*** Opening of Raw data ***
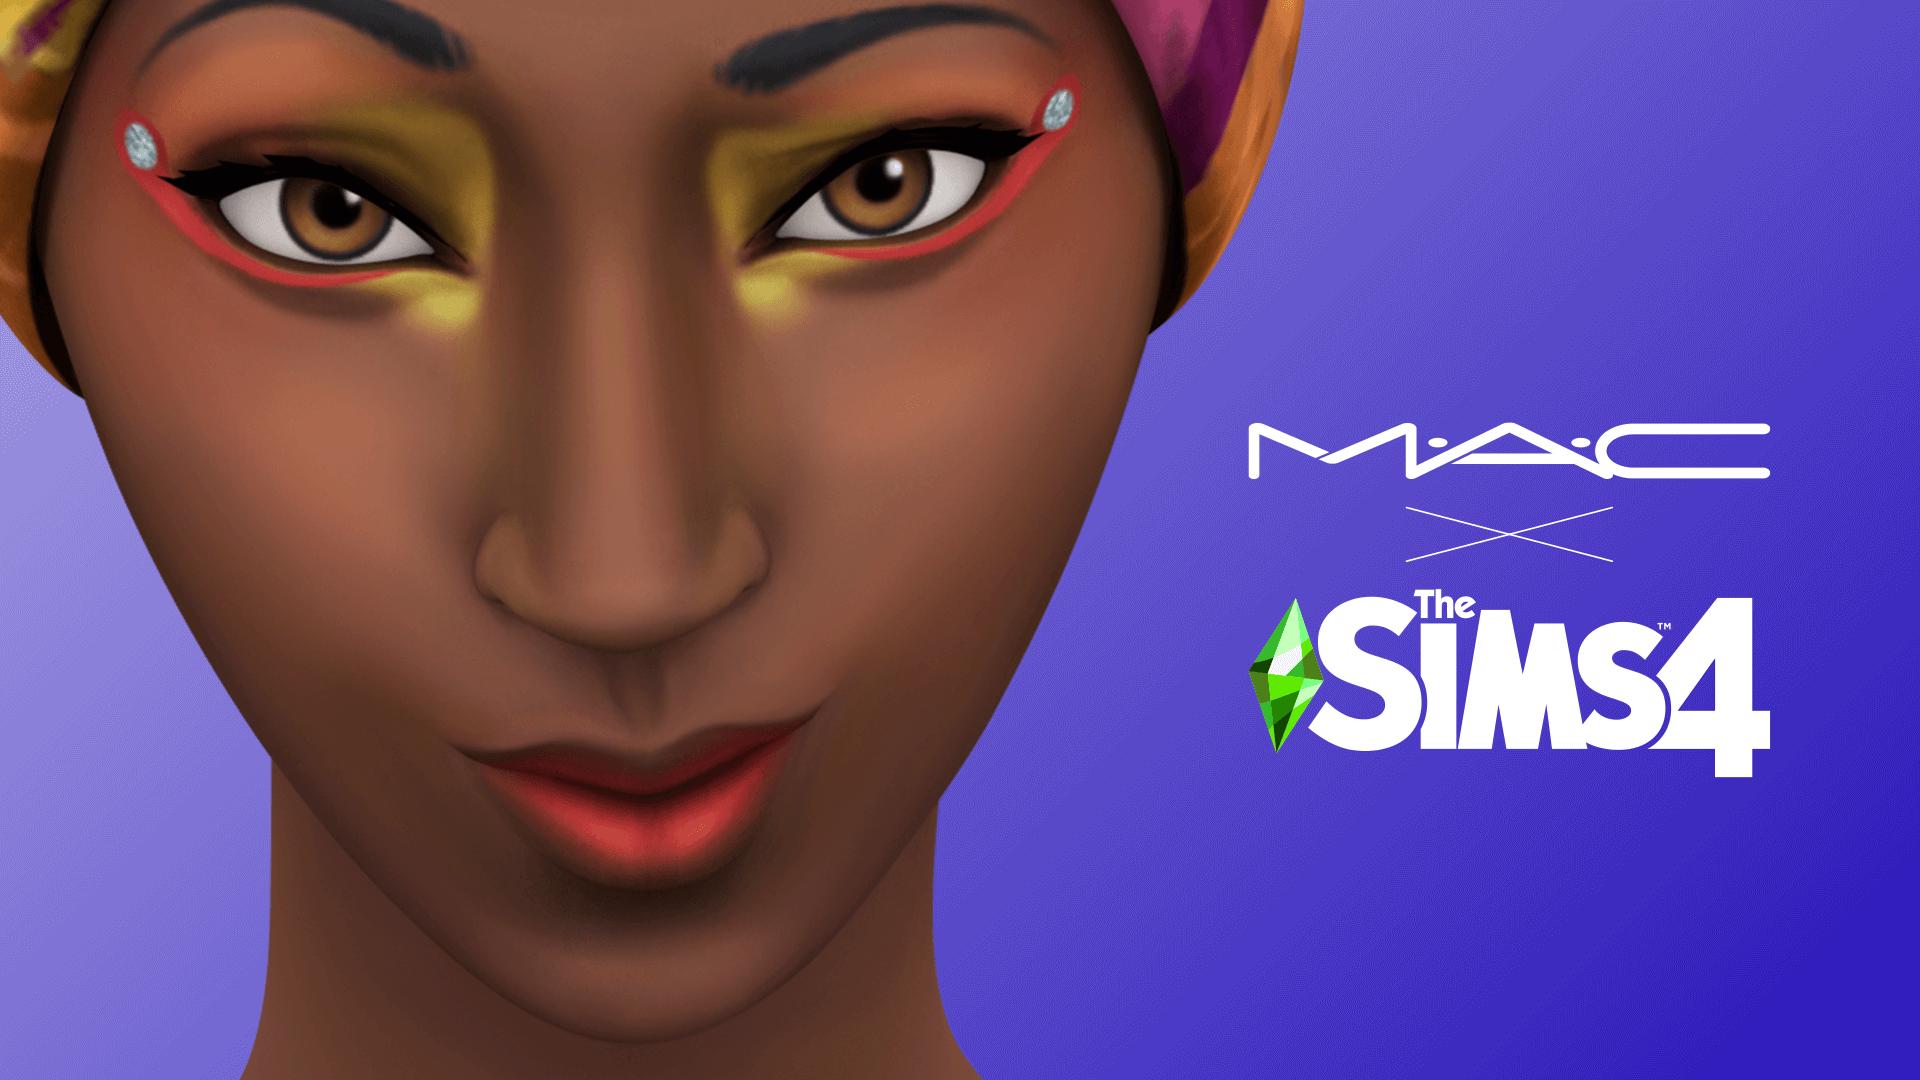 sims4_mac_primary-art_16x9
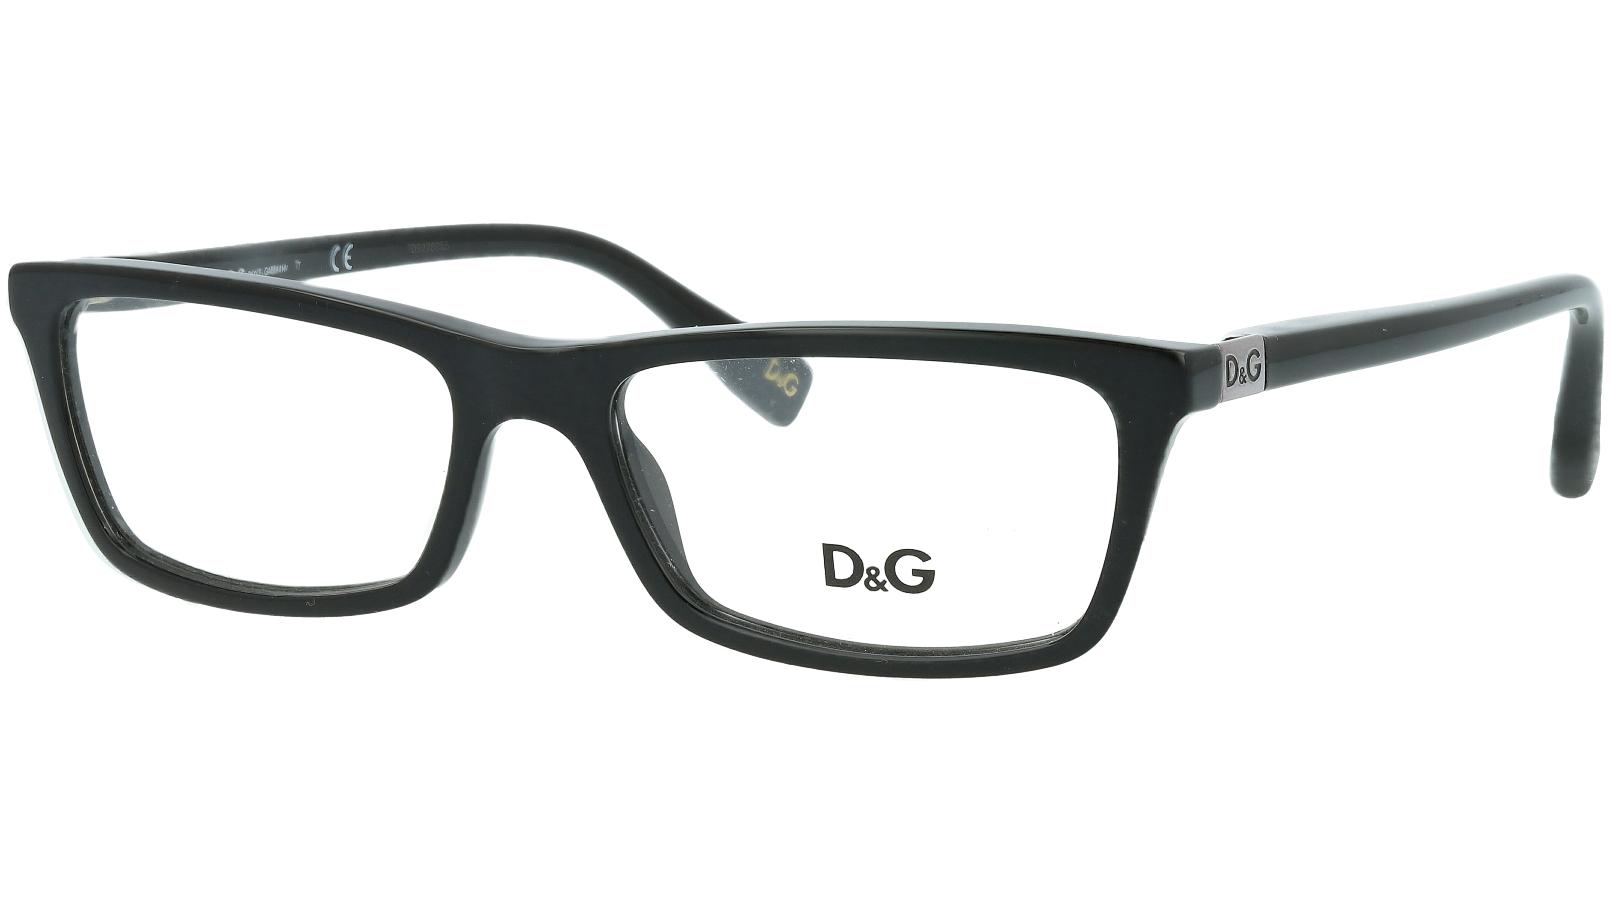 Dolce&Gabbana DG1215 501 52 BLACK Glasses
*** Close of Raw data ***
*** Opening of Raw data ***
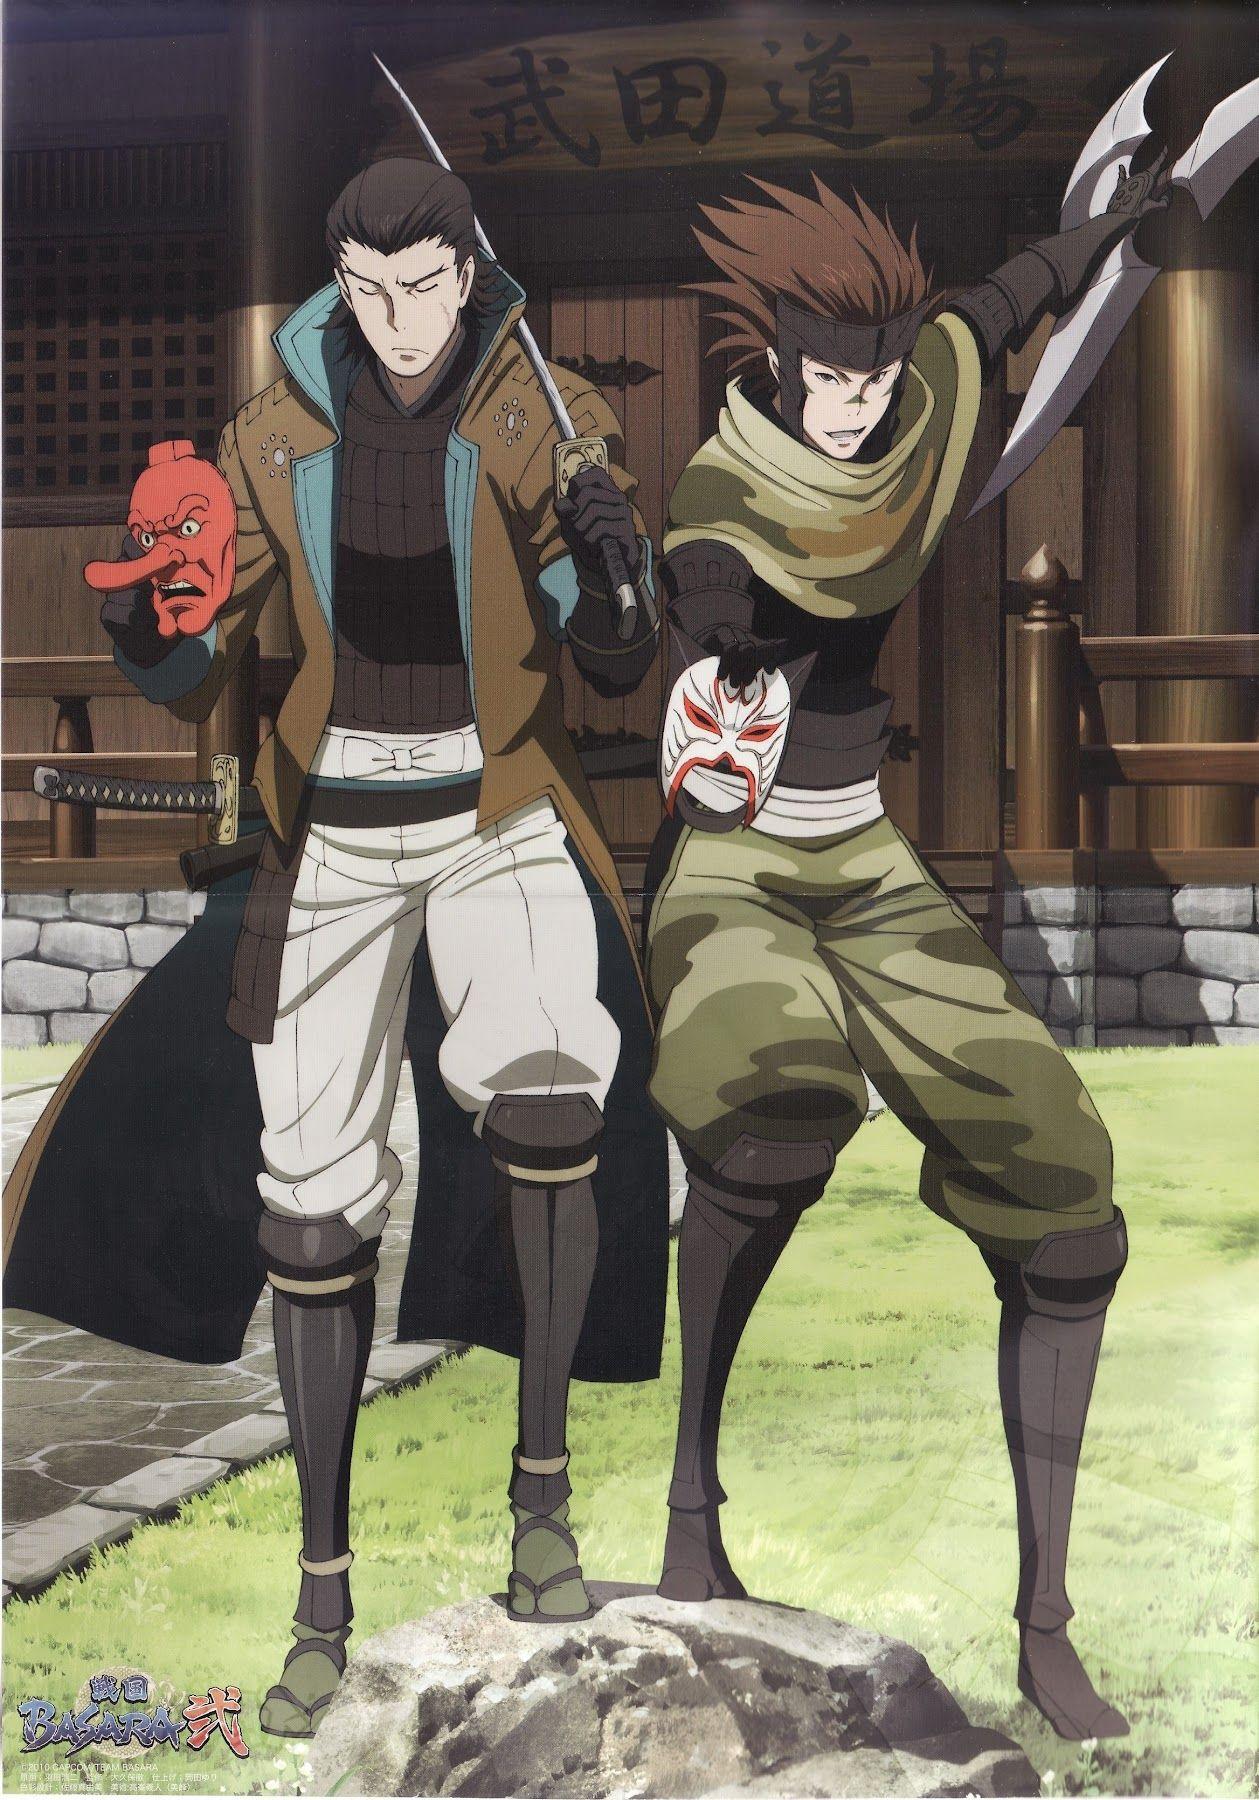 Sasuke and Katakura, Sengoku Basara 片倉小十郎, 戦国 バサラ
*** Close of Raw data ***
_Exercise requirements_: The answer should consist only of the lines above from the one with "sims4_mac_primary-art_16x9" through the one with "Dolce&Gabbana DG1215 501 52 BLACK Glasses", repeated exactly, with no pictures among them.

_Solution for this task_:
 sims4_mac_primary-art_16x9
 Dolce&Gabbana DG1215 501 52 BLACK Glasses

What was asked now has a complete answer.